## WHAT THE TASK REQUIRES:
Your task is to output the listing word for word, with pictures excluded.

## INFORMATION SUPPLIED:
****

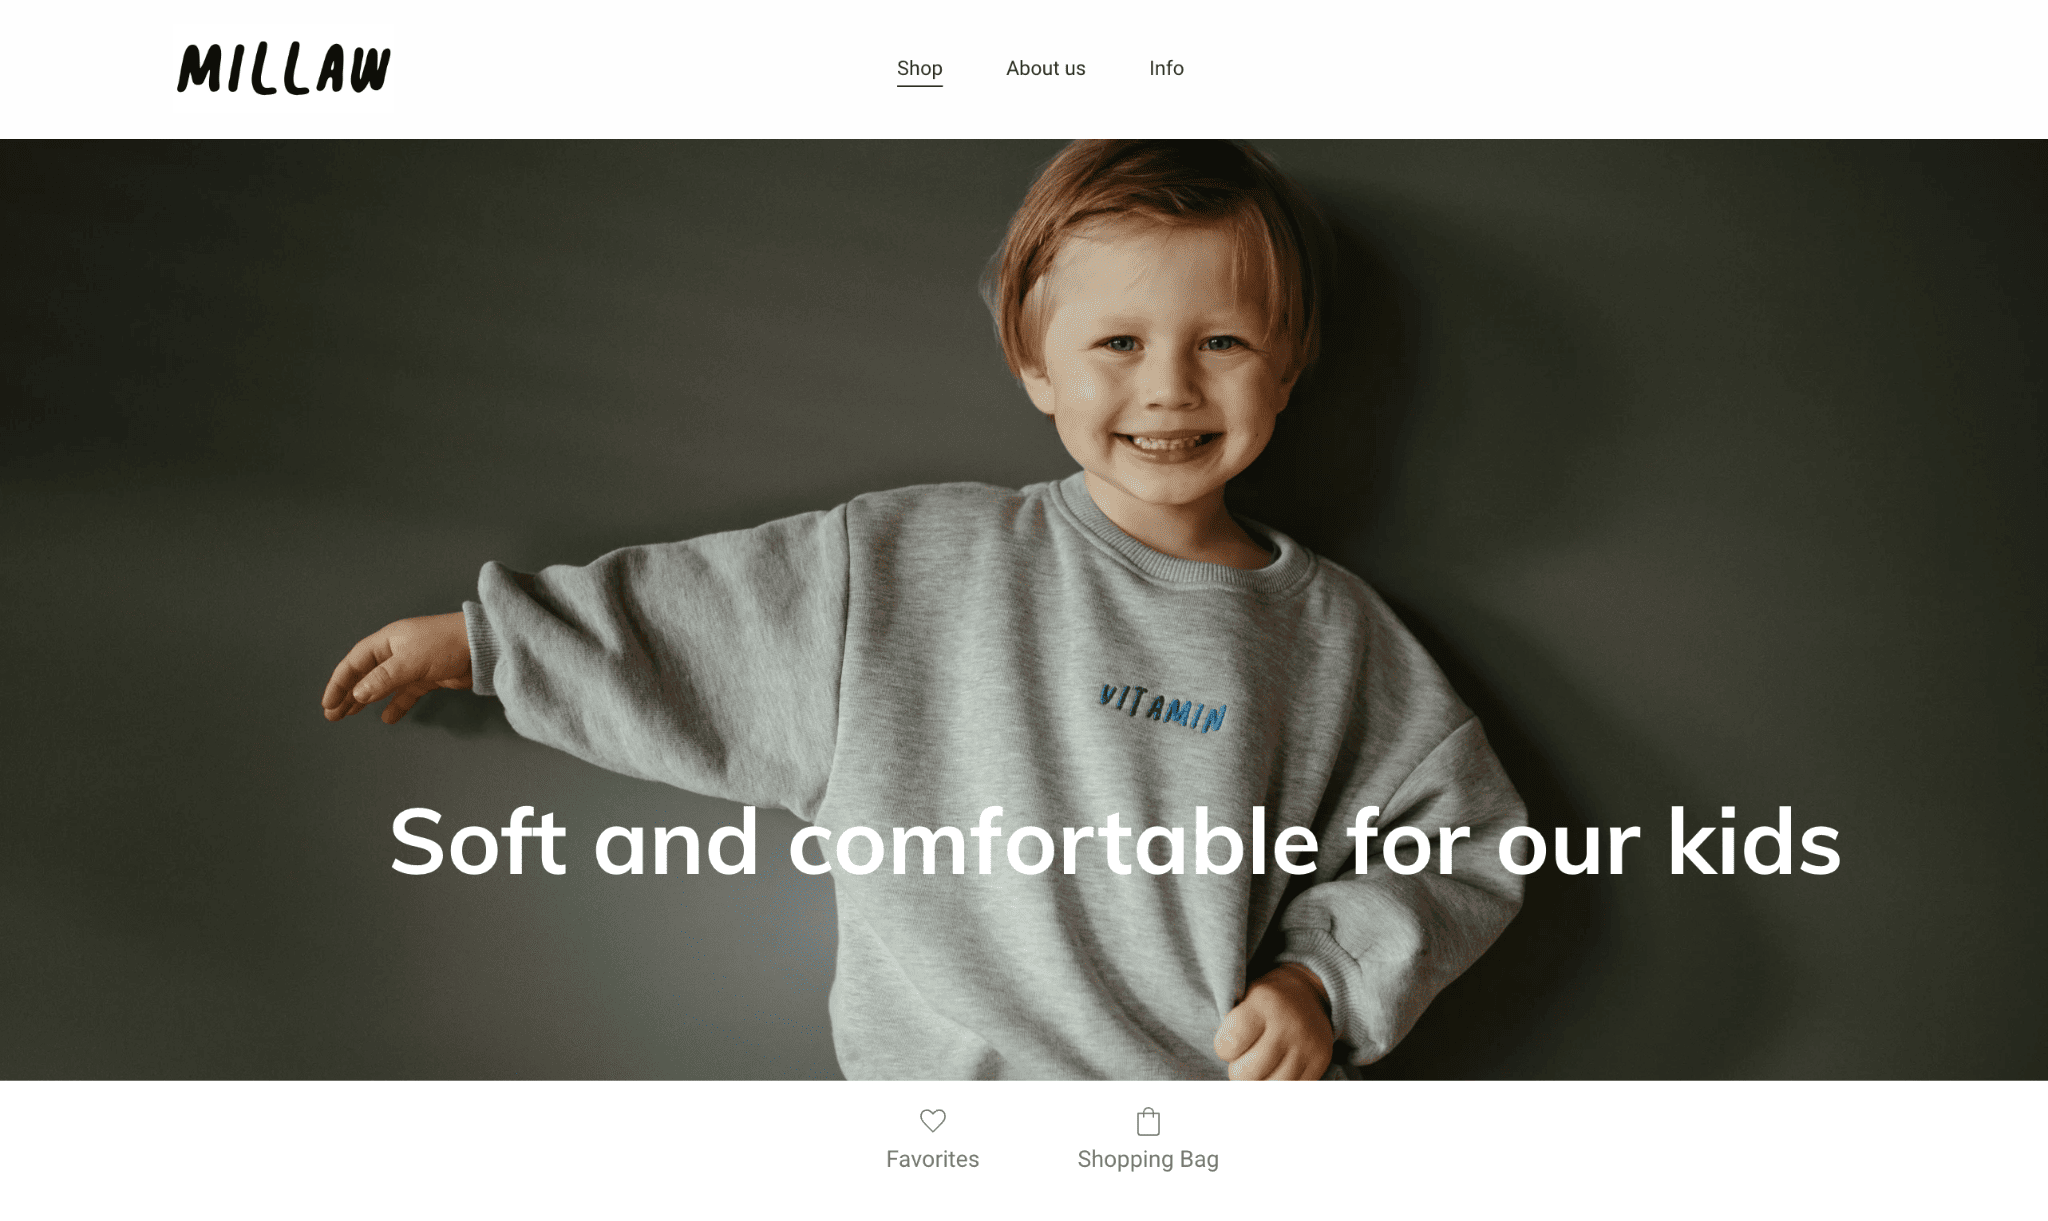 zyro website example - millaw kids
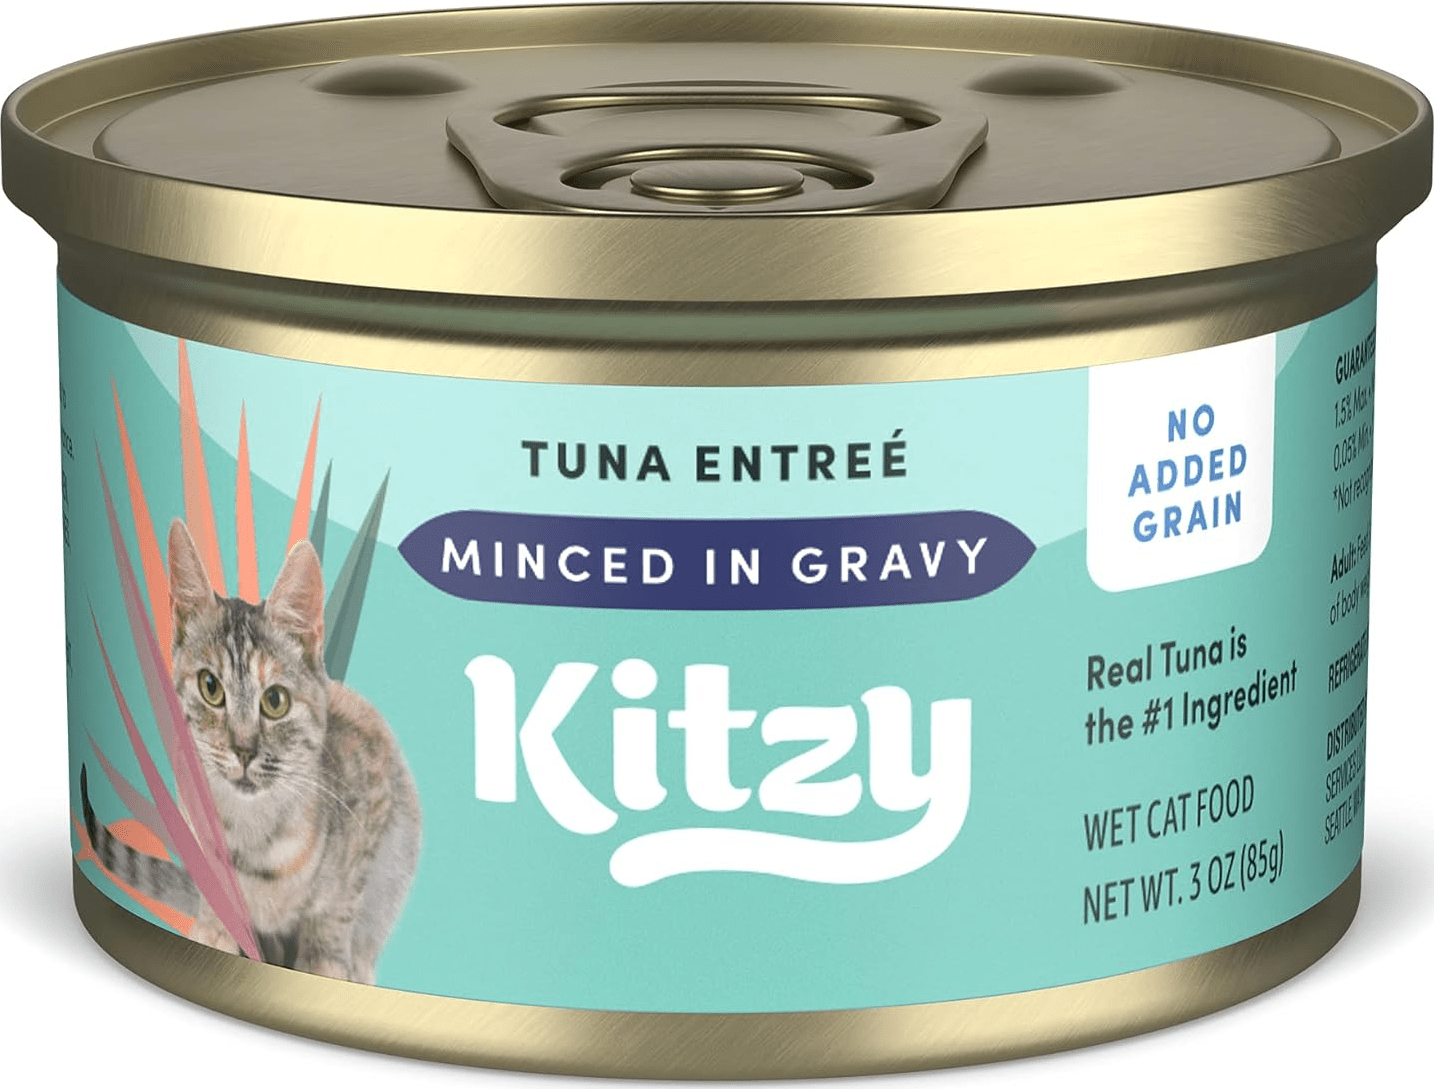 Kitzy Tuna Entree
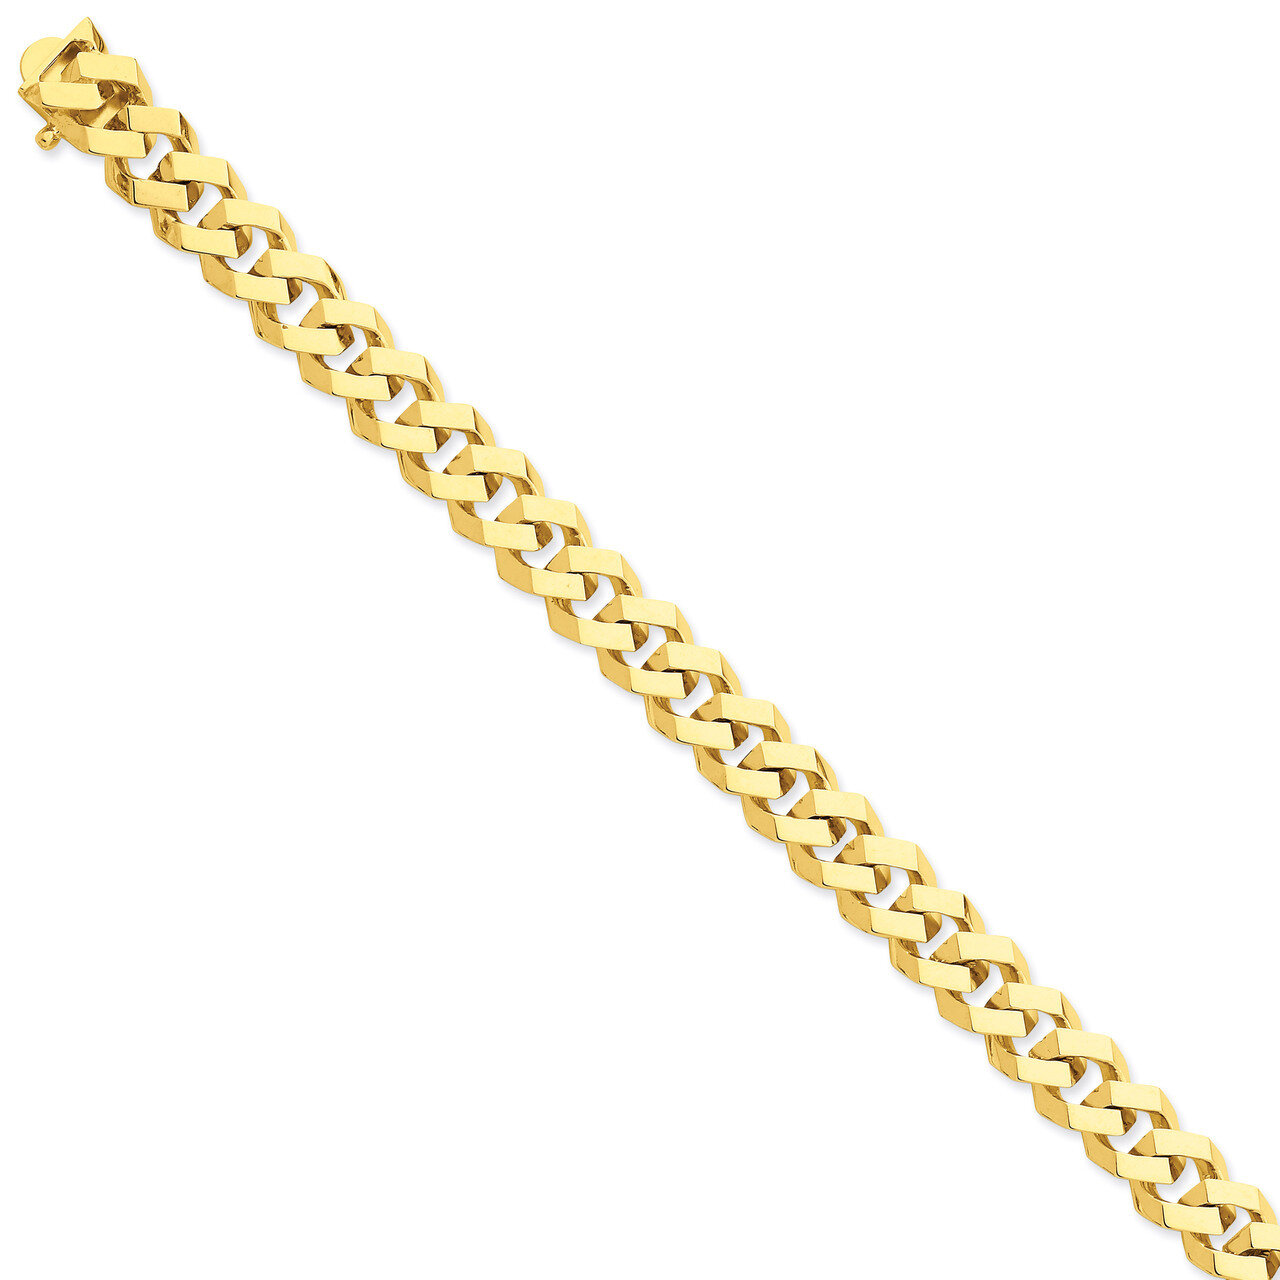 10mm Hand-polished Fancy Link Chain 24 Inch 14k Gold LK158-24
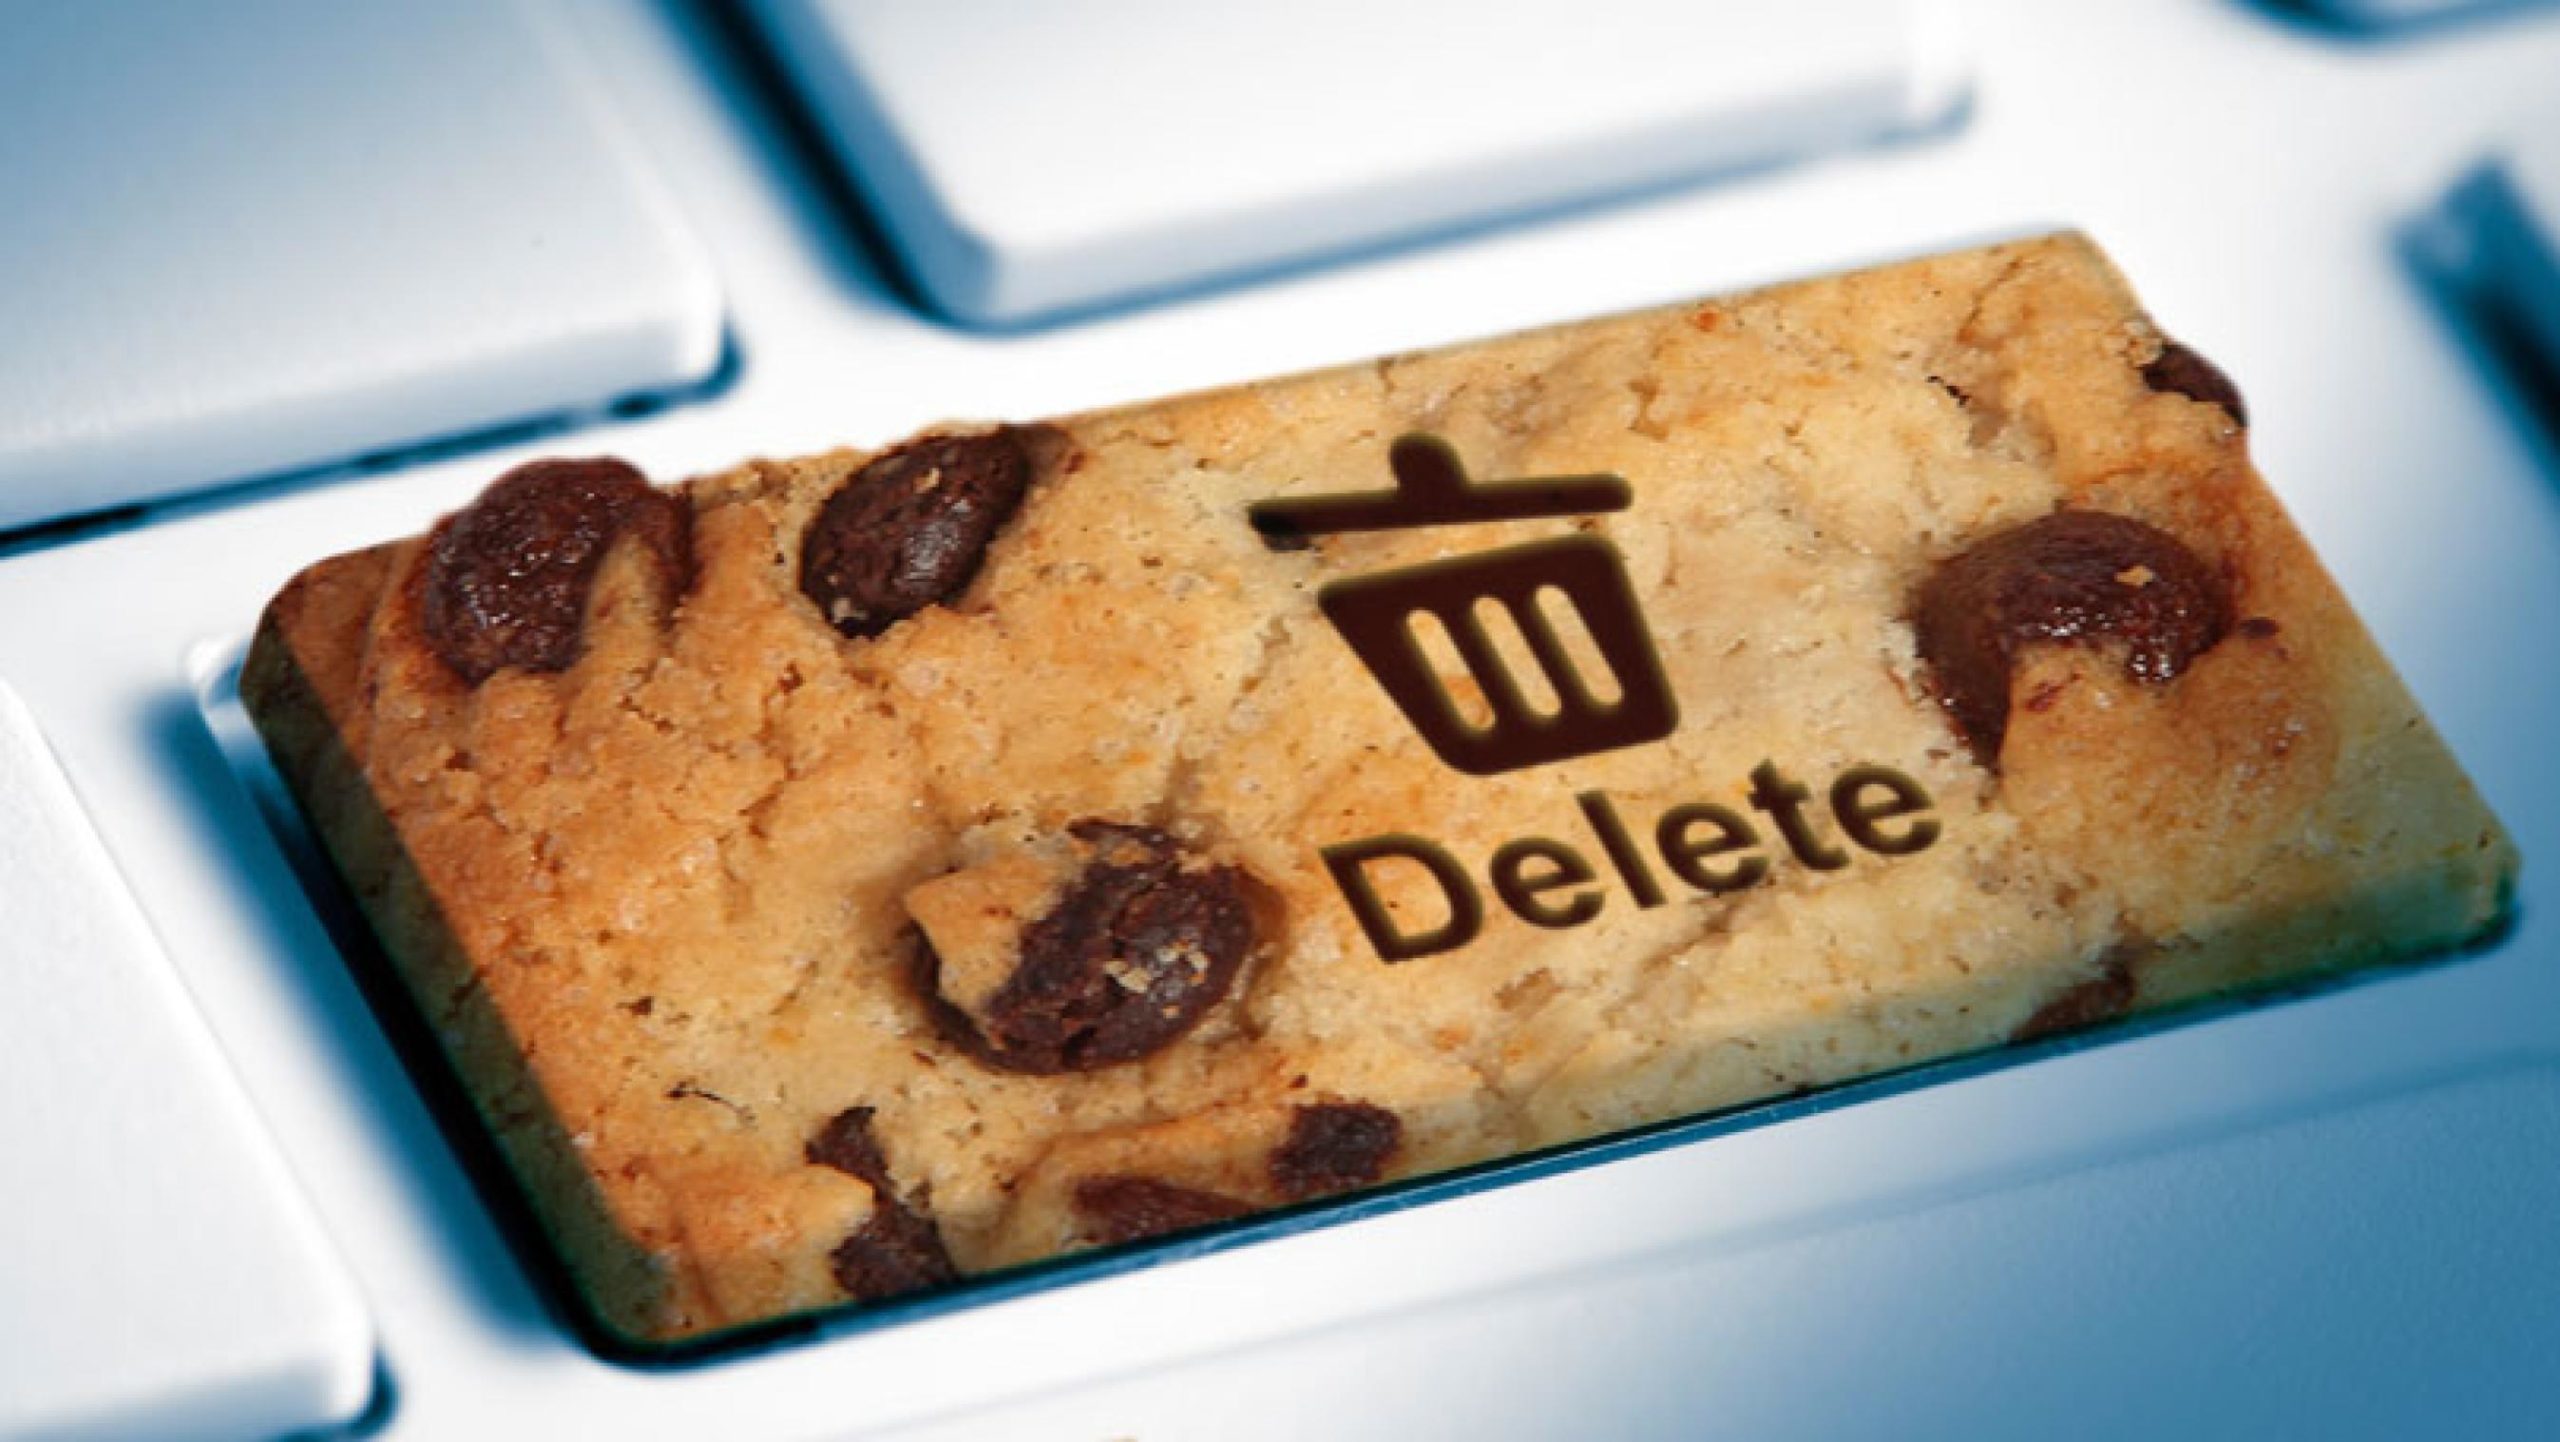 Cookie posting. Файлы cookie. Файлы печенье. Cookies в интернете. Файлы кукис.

****

## SOLUTION TO THIS PROBLEM:
 zyro website example - millaw kids
 Kitzy Tuna Entree
 10mm Hand-polished Fancy Link Chain 24 Inch 14k Gold LK158-24
 Cookie posting. Файлы cookie. Файлы печенье. Cookies в интернете. Файлы кукис.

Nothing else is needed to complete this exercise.